» **PROVIDED DATA**
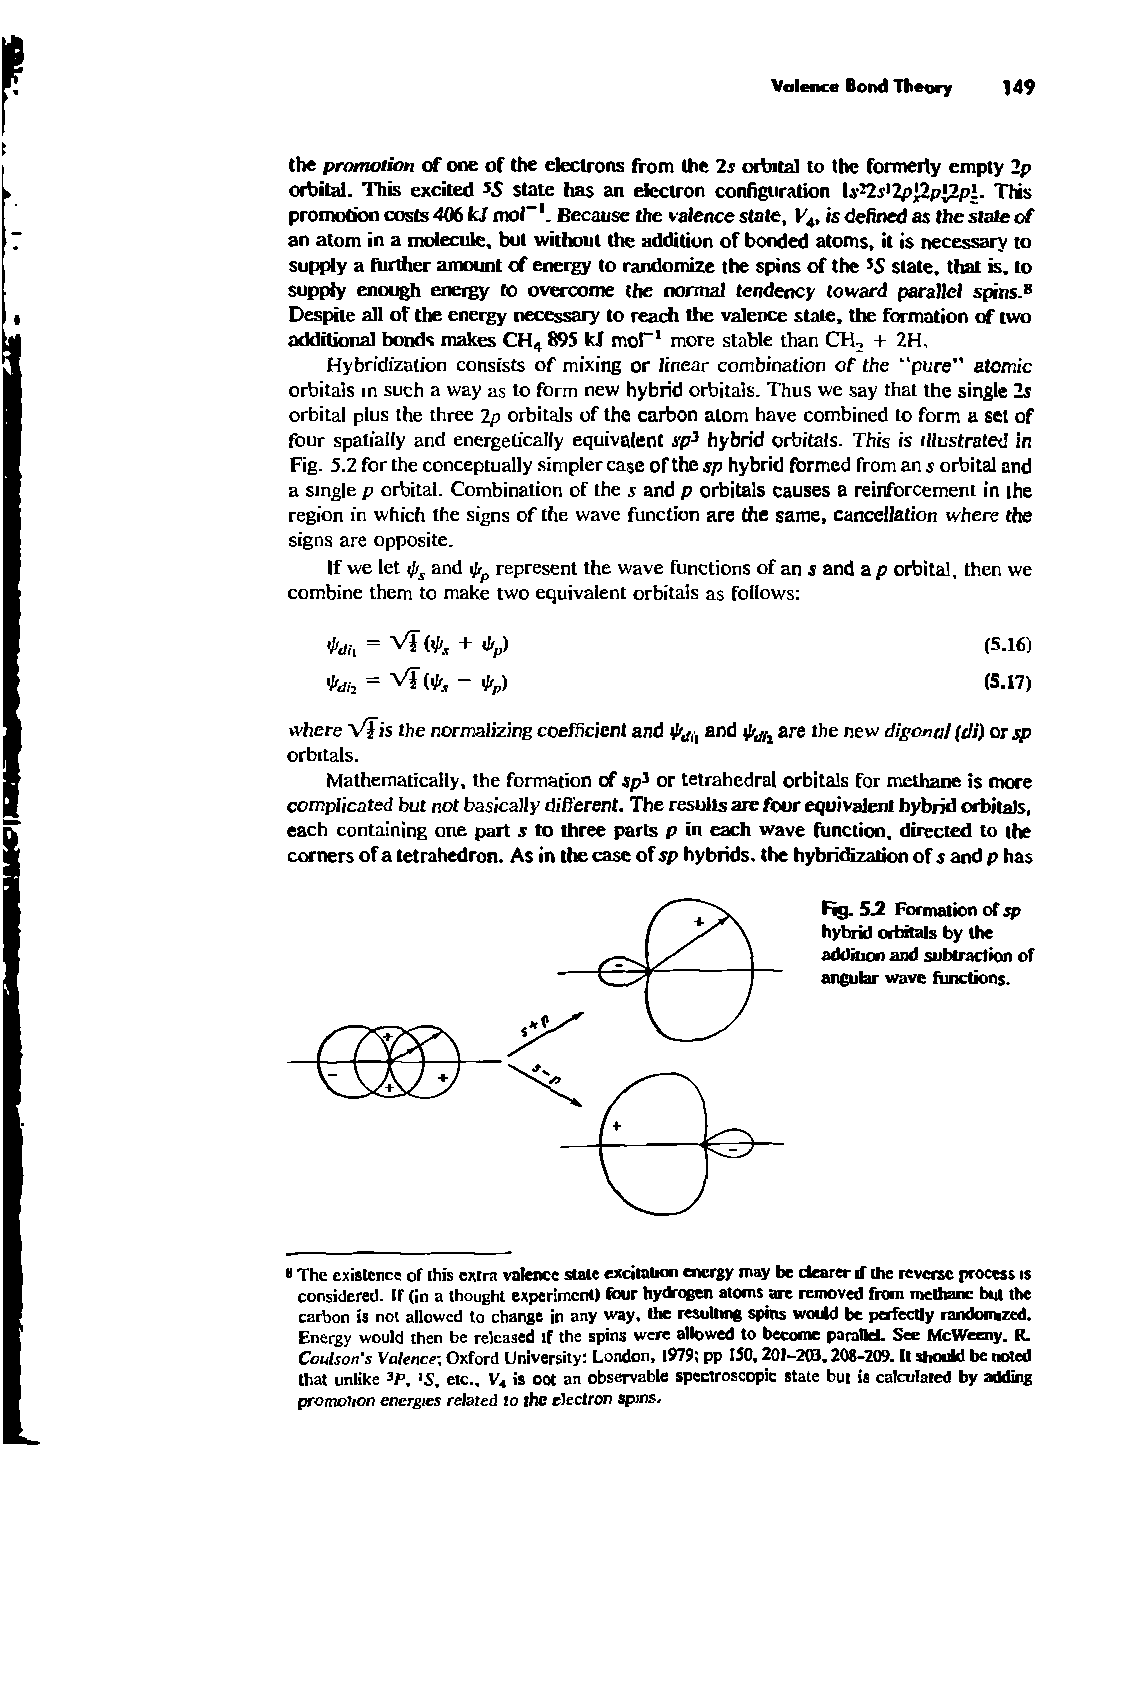 Fig. 5.2 Formation of sp hybrid orbitals by the addition and subtraction of angular wave functions.
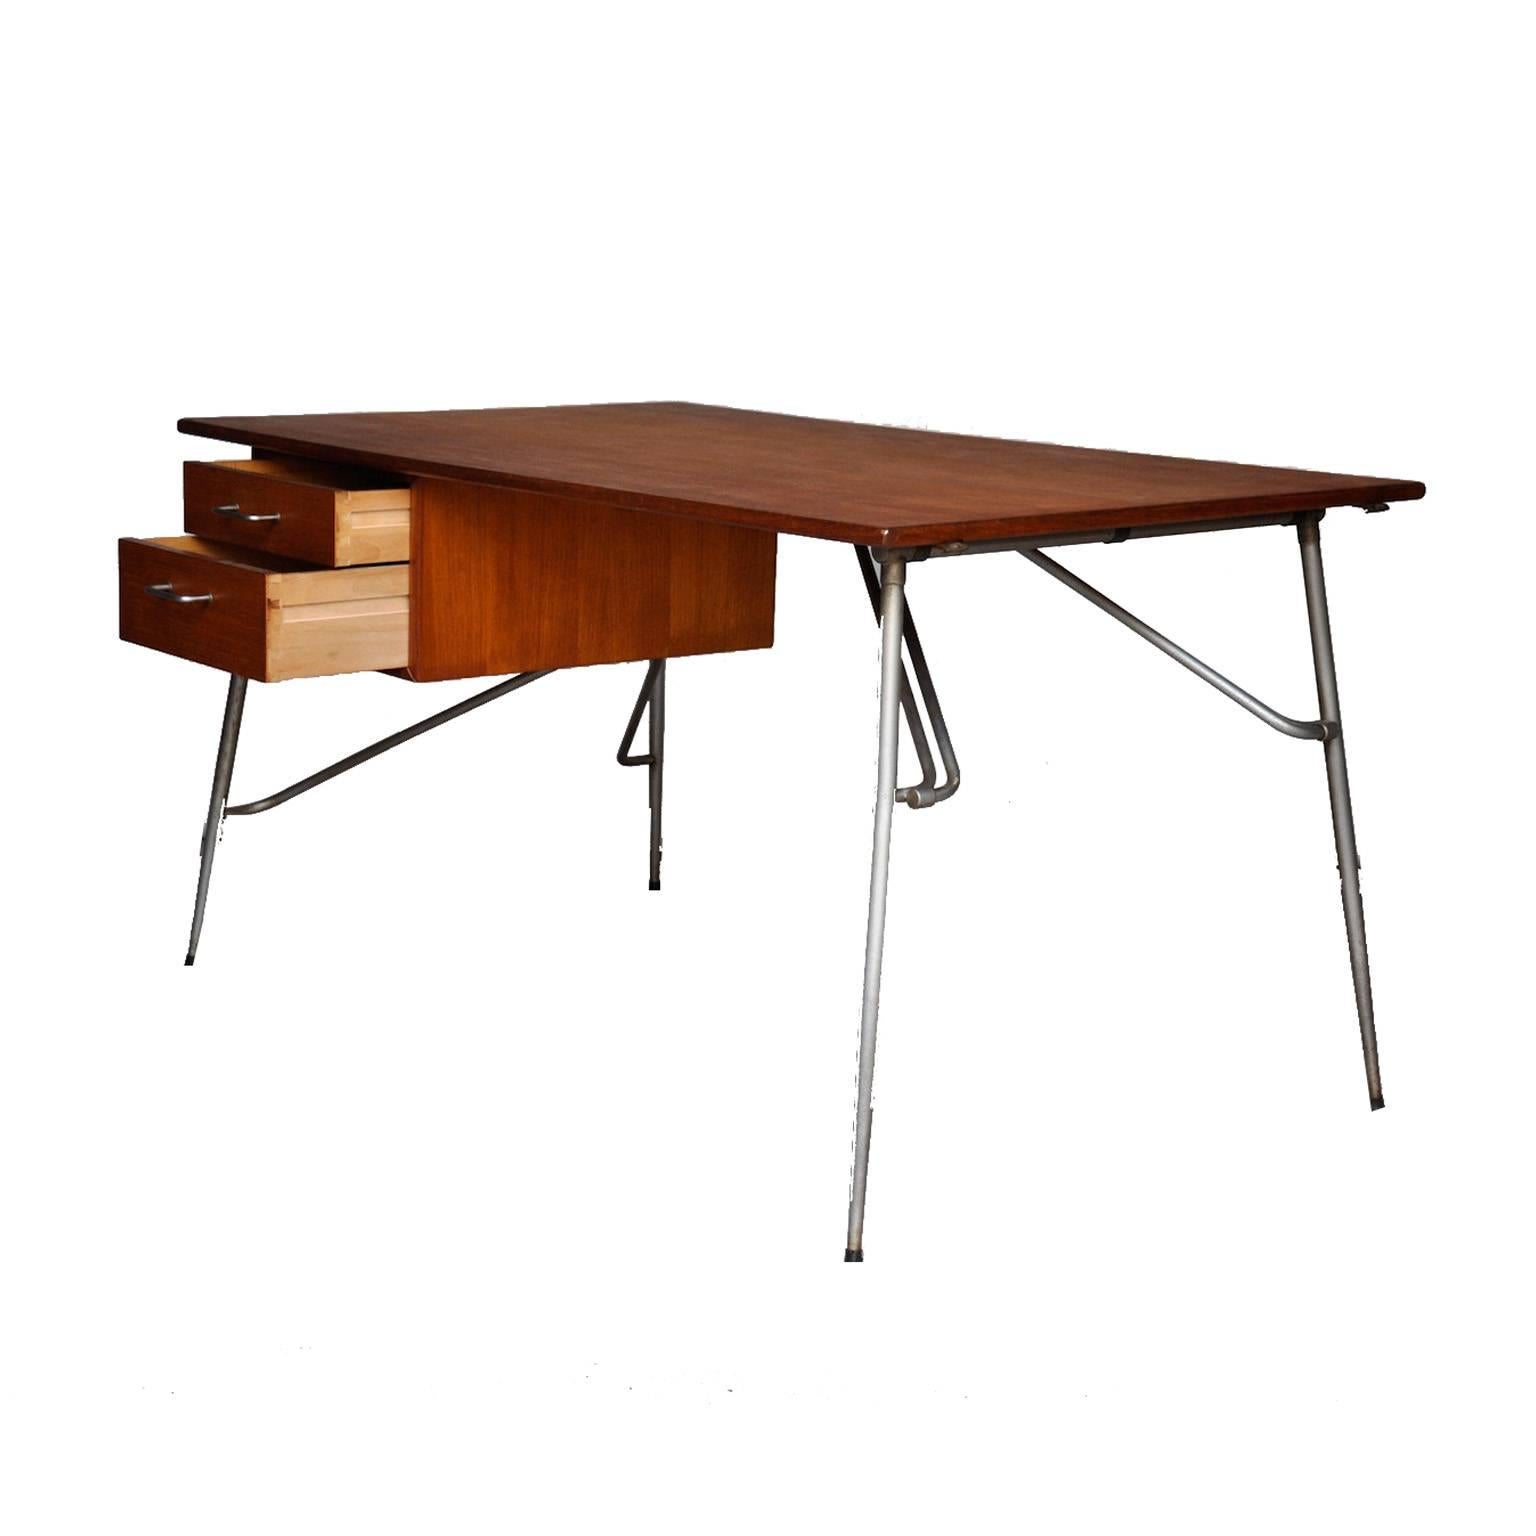 Vintage desk by Børge Mogensen in very good condition. It has a teak top and metal legs.

Unfortunately the drop leaf is missing. The iron

» **YOUR ASSIGNMENT**
Would you print the listing above in full, exactly, but with no pictures?

» **SOLUTION TO THIS TASK**
 Fig. 5.2 Formation of sp hybrid orbitals by the addition and subtraction of angular wave functions.
 Vintage desk by Børge Mogensen in very good condition. It has a teak top and metal legs.

Unfortunately the drop leaf is missing. The iron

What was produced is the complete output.